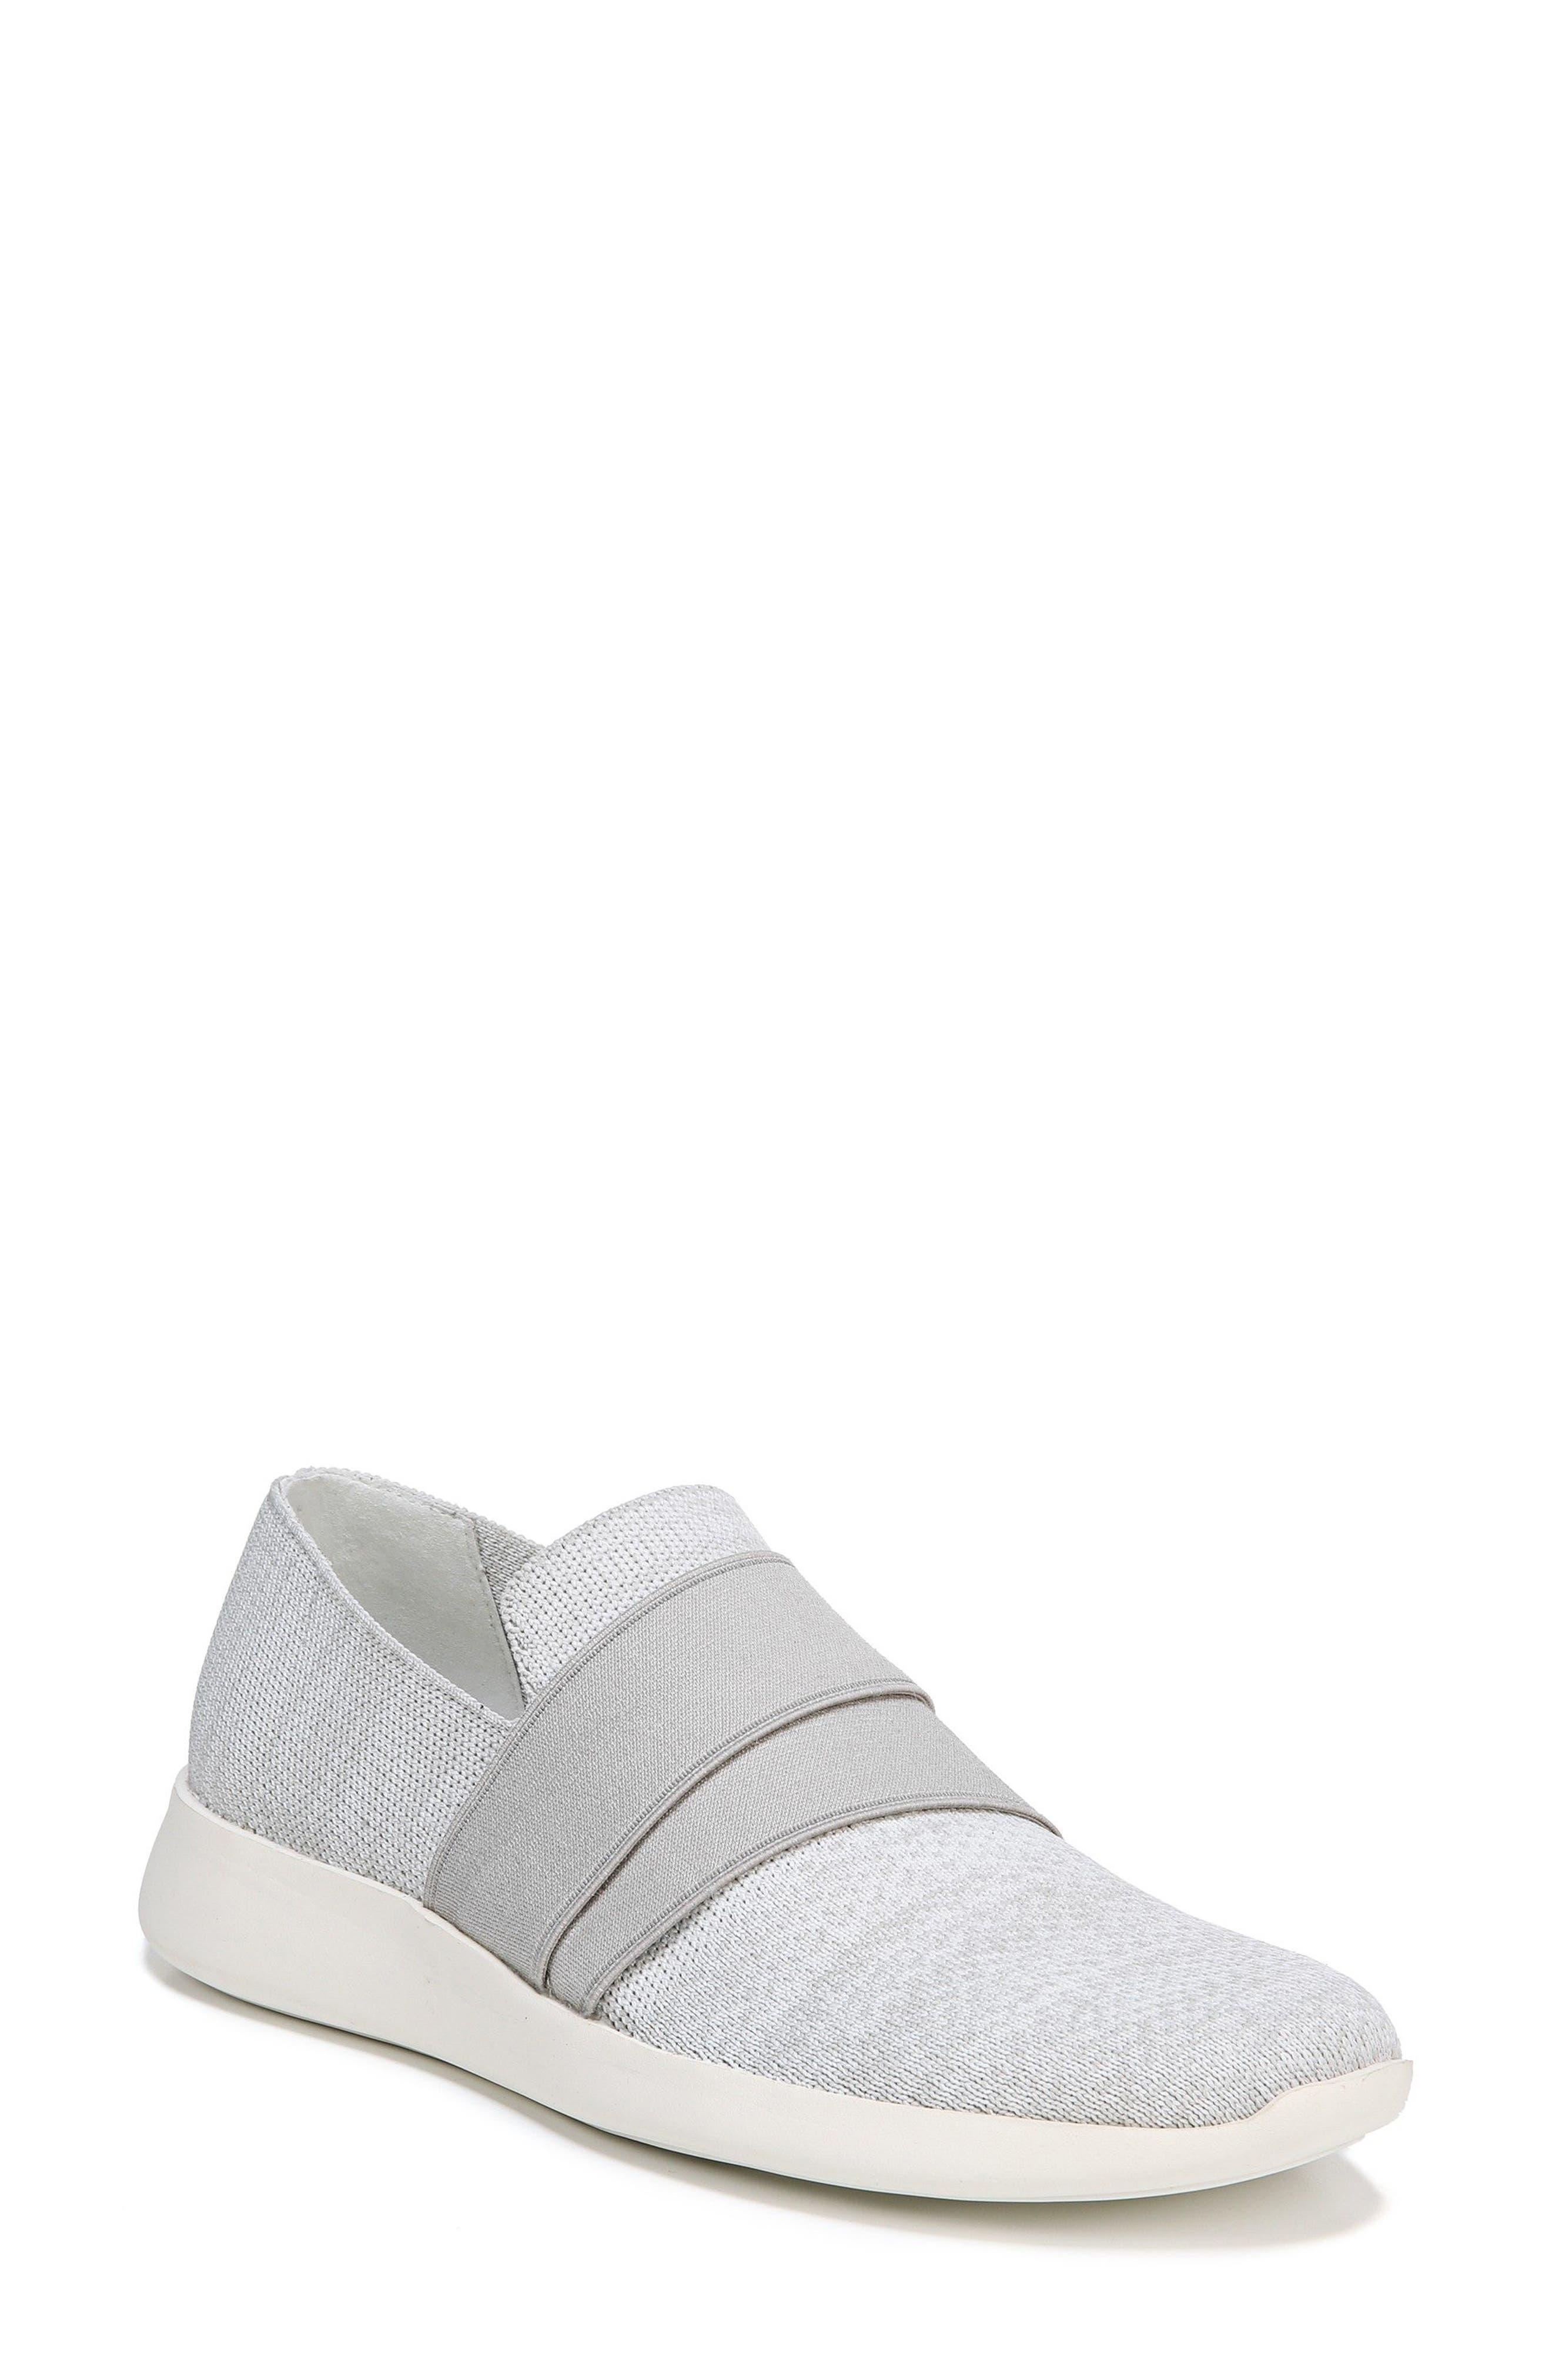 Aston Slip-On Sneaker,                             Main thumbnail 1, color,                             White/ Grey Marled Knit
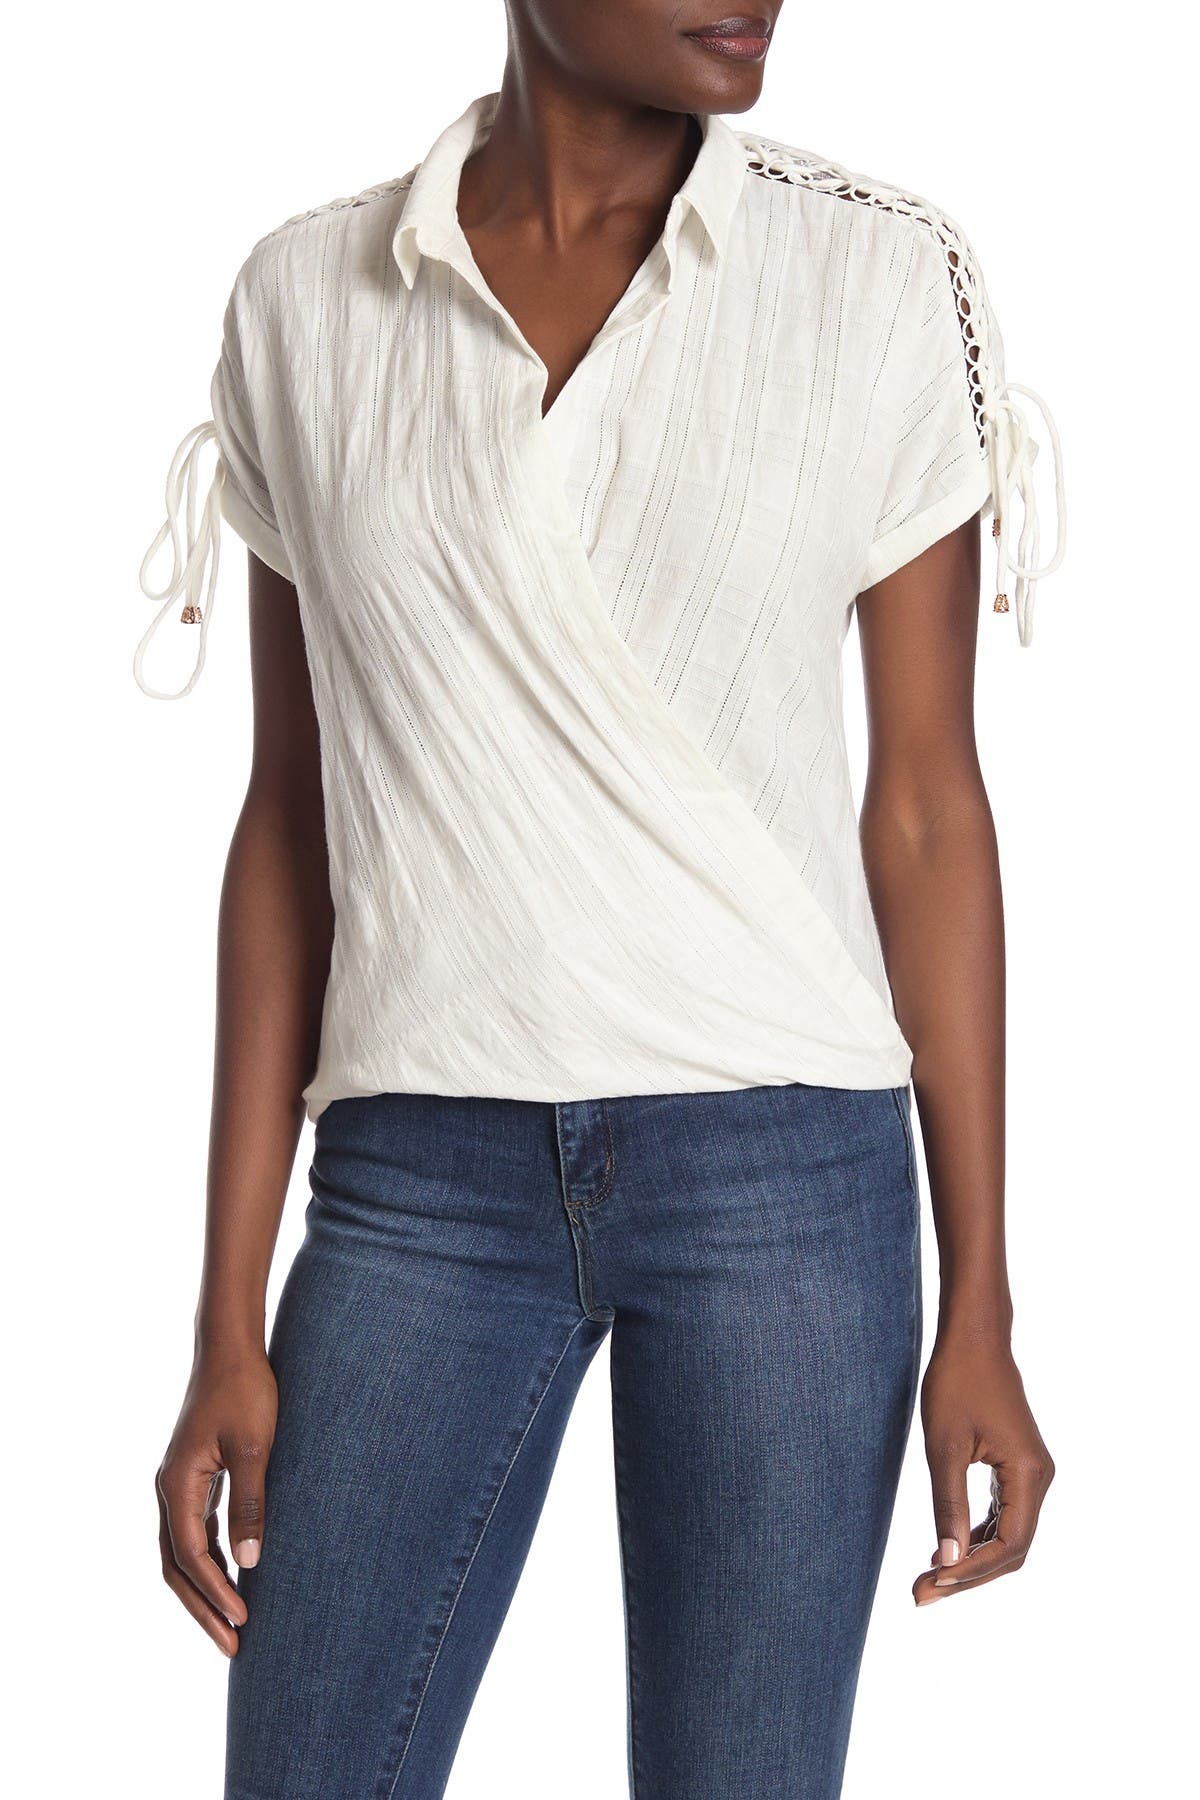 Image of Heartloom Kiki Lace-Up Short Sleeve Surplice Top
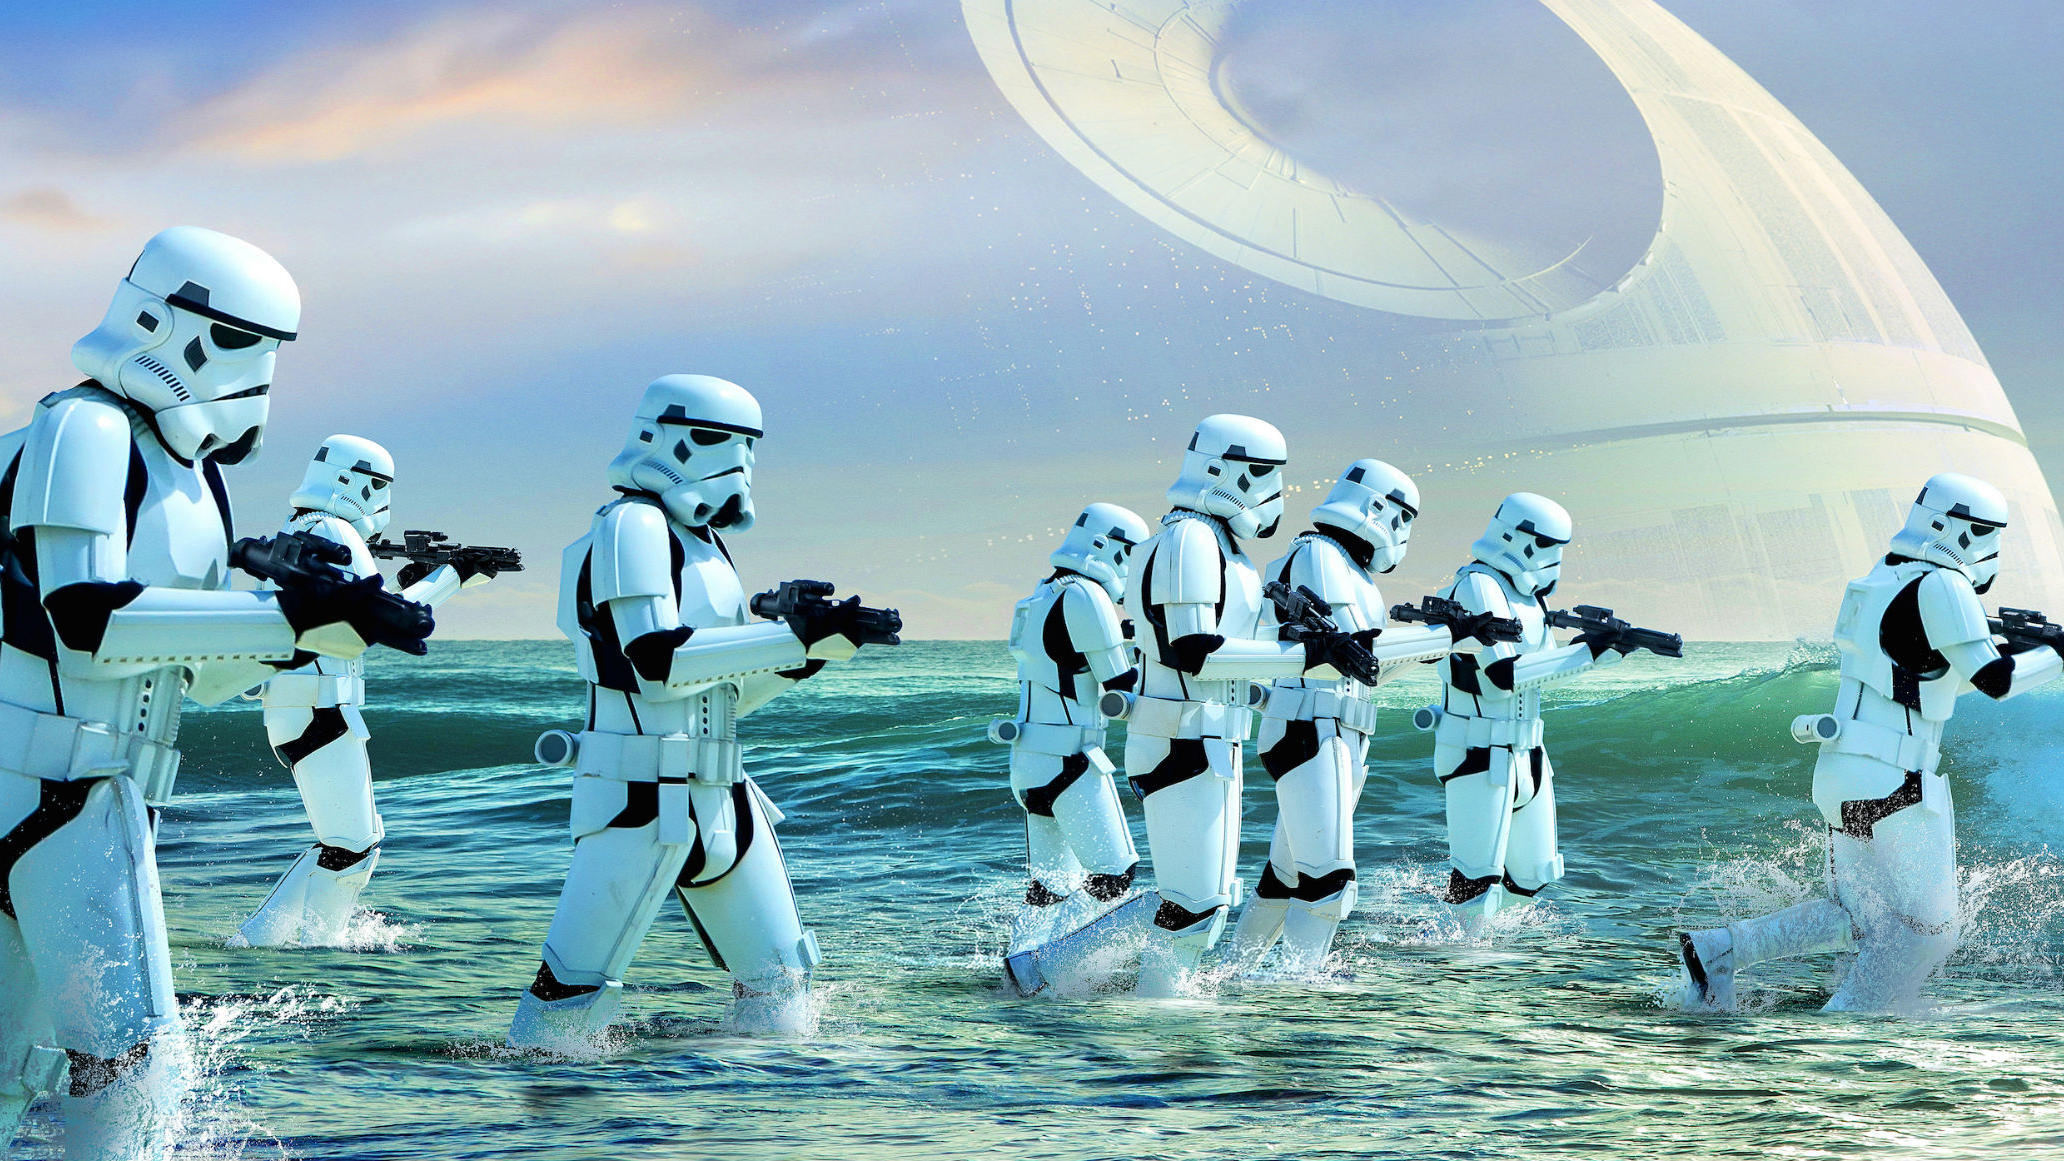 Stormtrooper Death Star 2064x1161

■ Action item:
The data above should be set down again exactly, with the pictures omitted.

■ Reply:
 Aston Slip-On Sneaker,                             Main thumbnail 1, color,                             White/ Grey Marled Knit
 Image of Heartloom Kiki Lace-Up Short Sleeve Surplice Top
 Stormtrooper Death Star 2064x1161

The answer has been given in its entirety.